Backing up FreeNAS to external drives

by
in freenas on (#2THV)
I love this little device: it's an iXsystems MiniNAS running FreeNAS 9.2, with tons of disk space, RAM, fast network connections, all on a low-profile device that uses precious little energy (30W). Nice! And having all my important stuff on one box not only gives me the freedom to screw around with my desktops but simplifies and centralizes the work that goes into backing up my information.

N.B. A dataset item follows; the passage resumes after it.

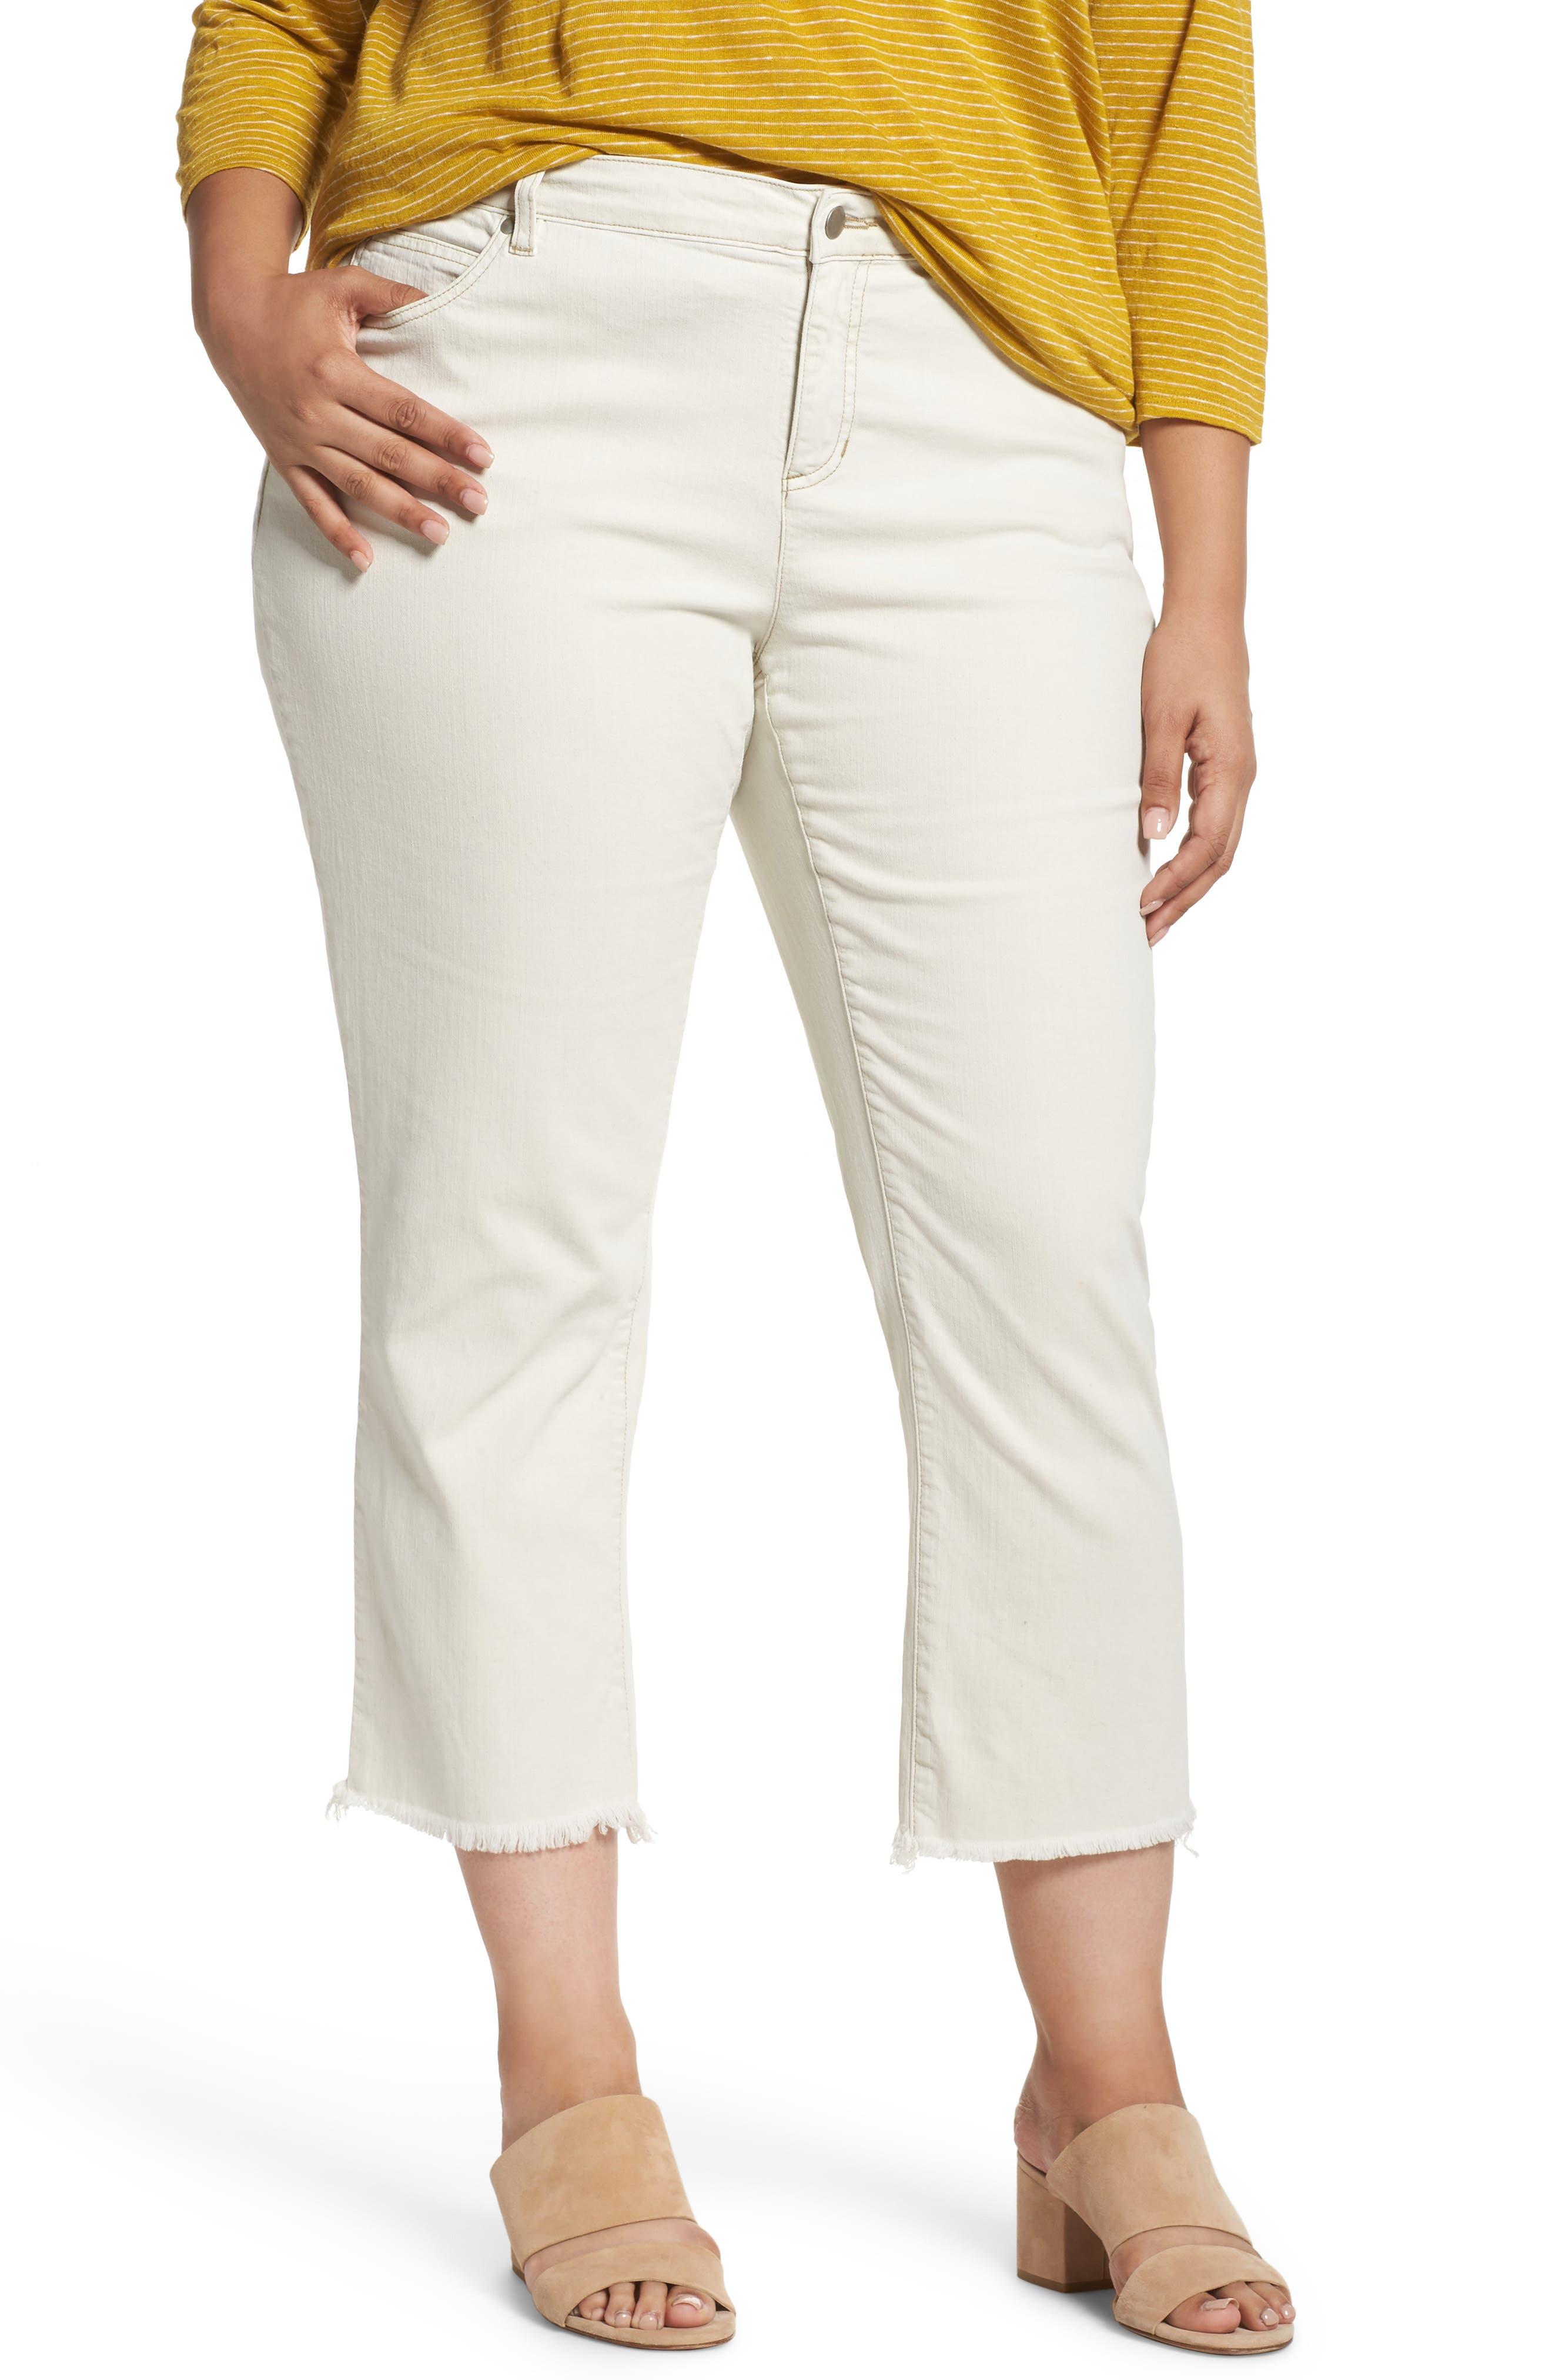 Stretch Organic Denim Crop Jeans,                             Main thumbnail 1, color,                             251

It's tempting to be lulled into security by a hefty NAS running the ZFS file system on RAID-6. Yes you've got some redundancy and a resistant file system. But RAID is not backup - a mistake too many make. And here I ran into some trouble. FreeNAS gives you tons of options for transferring zpool datasets around, and since it's networked you can rsync your heart's content to other systems, but what if you just want to back the stuff up to a hard drive locally? Like an external, USB hard drive? Turns out, there's a way, but it requires a bit of Unix-foo.

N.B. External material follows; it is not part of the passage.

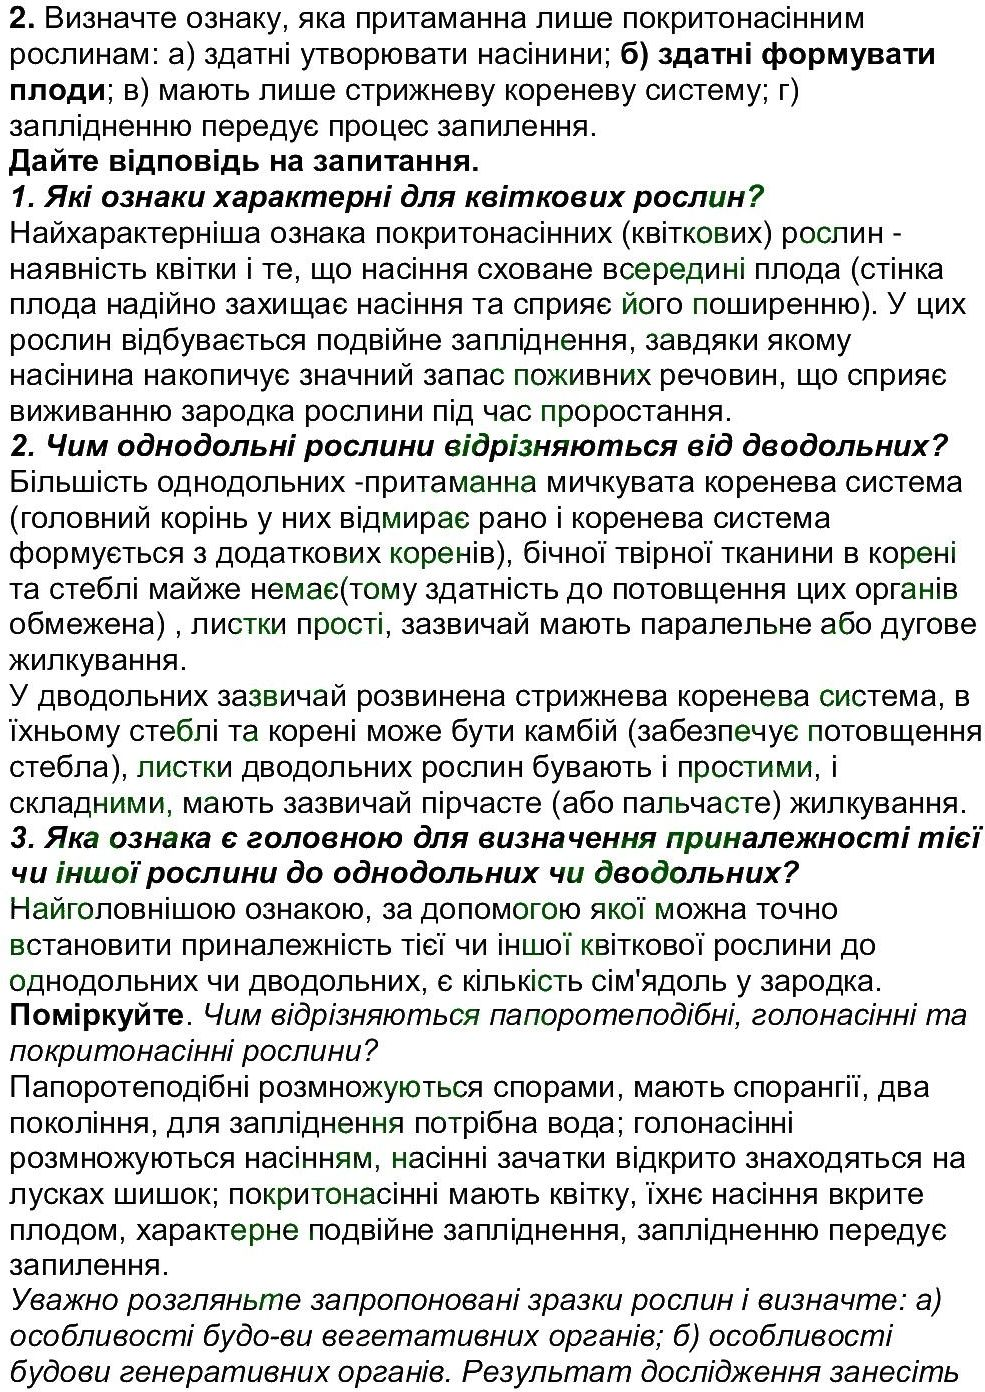 6-biologiya-li-ostapchenko-pg-balan-nyu-matyash-2016--tema-4-riznomanitnist-roslin-ст168-170-rnd5630.jpg
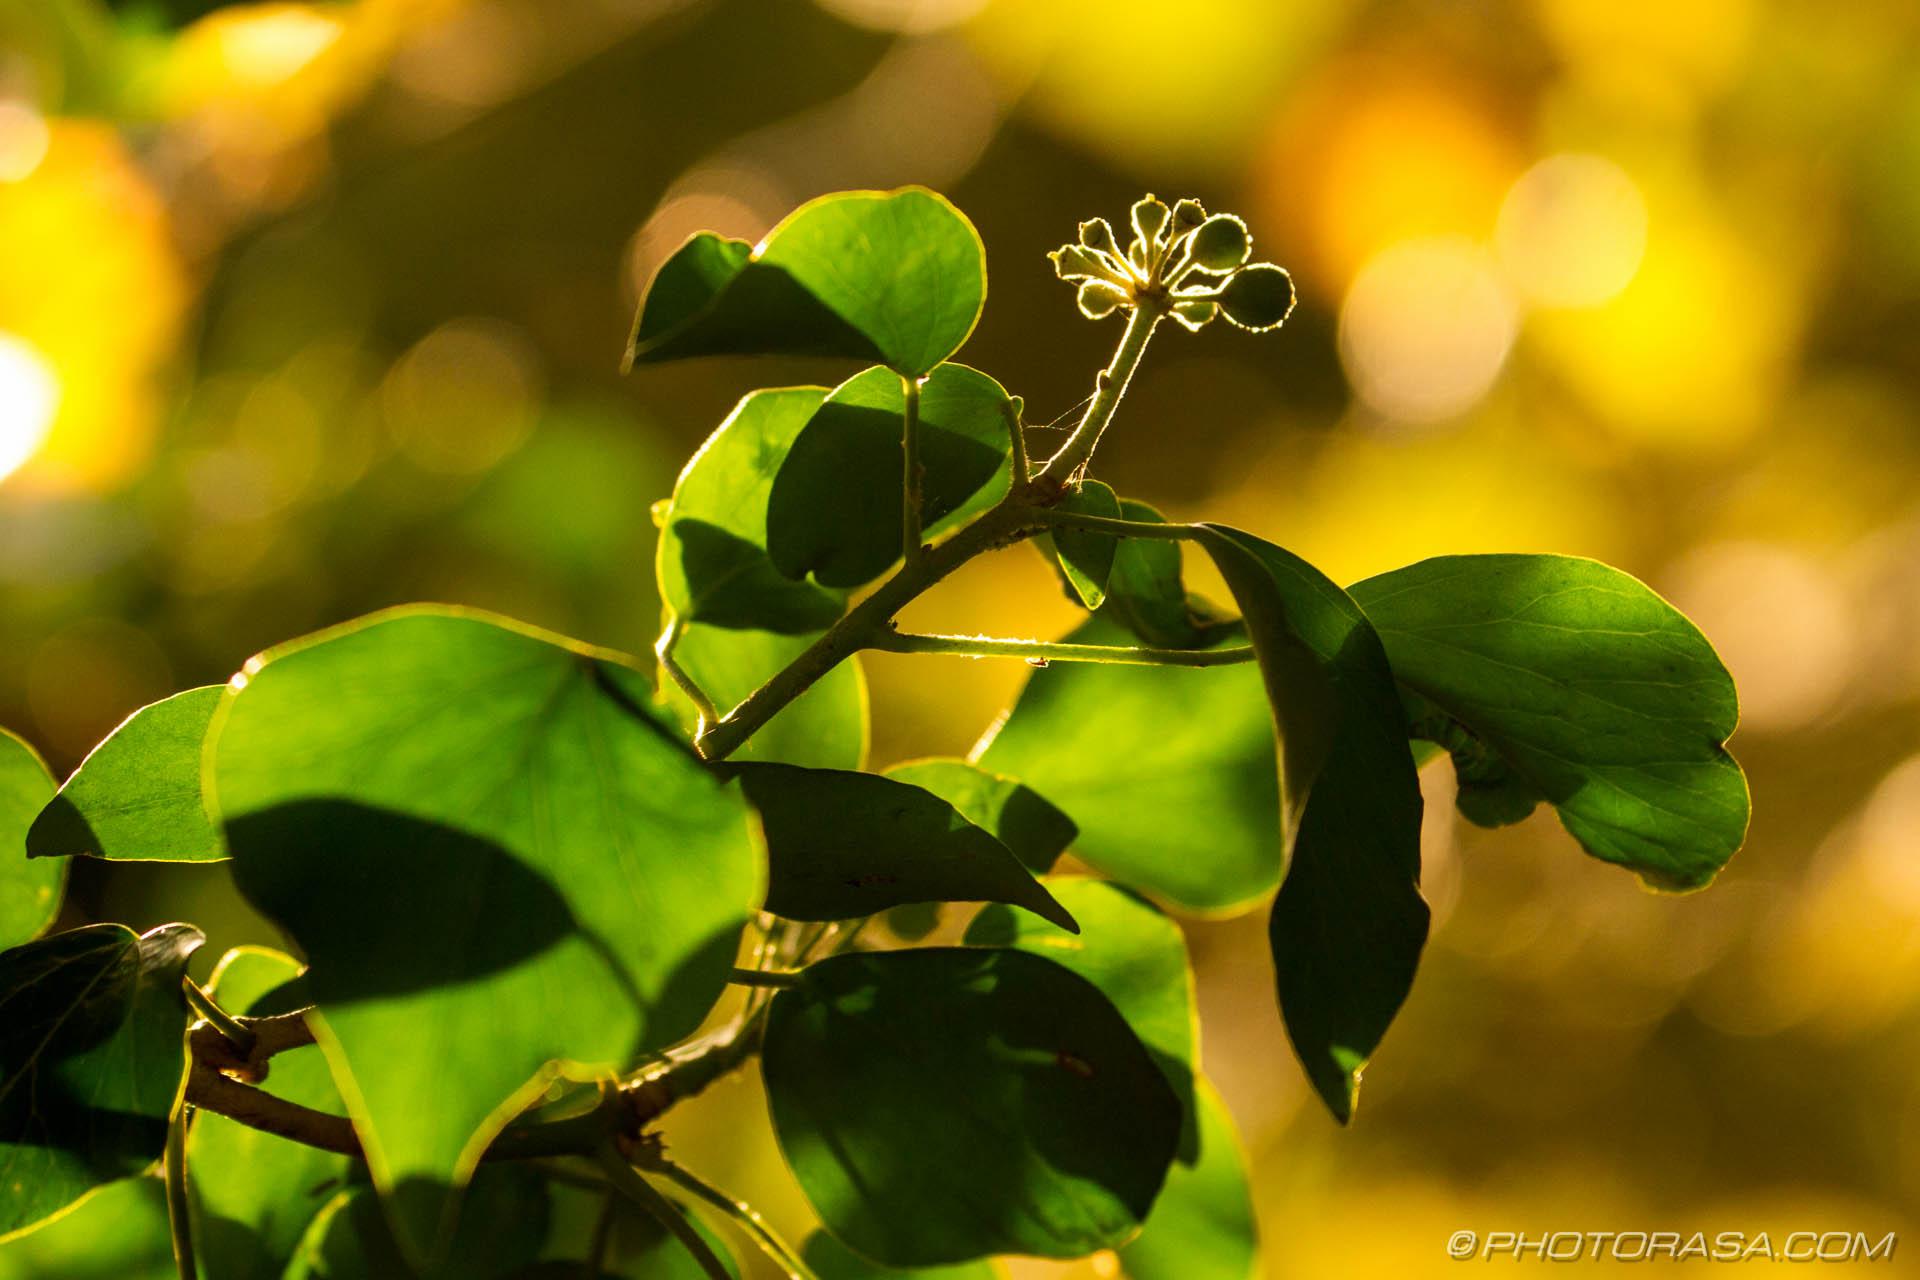 http://photorasa.com/autumn-leaves-sunlight/vine-leaves-at-low-sun-catching-the-light/

Fortunately, this is FreeBSD, so lots of things are possible. The rest is at my website, www.therandymon.com.

Re: Removable File System (Score: 2, Interesting)

by evilviper@pipedot.org on 2014-10-22 16:06 (#2TK5)

Ext2 is more compatible than you'd expect. There are 3rd party drivers for Windows and OS X that work very well. The problem is, Windows won't read anything but the first partition on a USB drive, so you can't have a small FAT partition with the drivers, and the rest Ext2. Some firmware tricks could do it, but no companies seem to care about the patent licenses and other problems with FAT32/exFAT, so I end up carrying around two USB thumb drives.

Plus, a surprising number of embedded systems are Linux based, and the developers just don't disable Ext2, so it sometimes works even when not mentioned anywhere.

It would just take a couple digital camera manufacturers to adopt Ext2 (instead of exFAT) and include it in their drivers, and Google making Ext2 the default for Android. Then Microsoft and Apple would quickly be forced to include it by default to avoid being left out and seen as OSes that don't "just work" with accessories.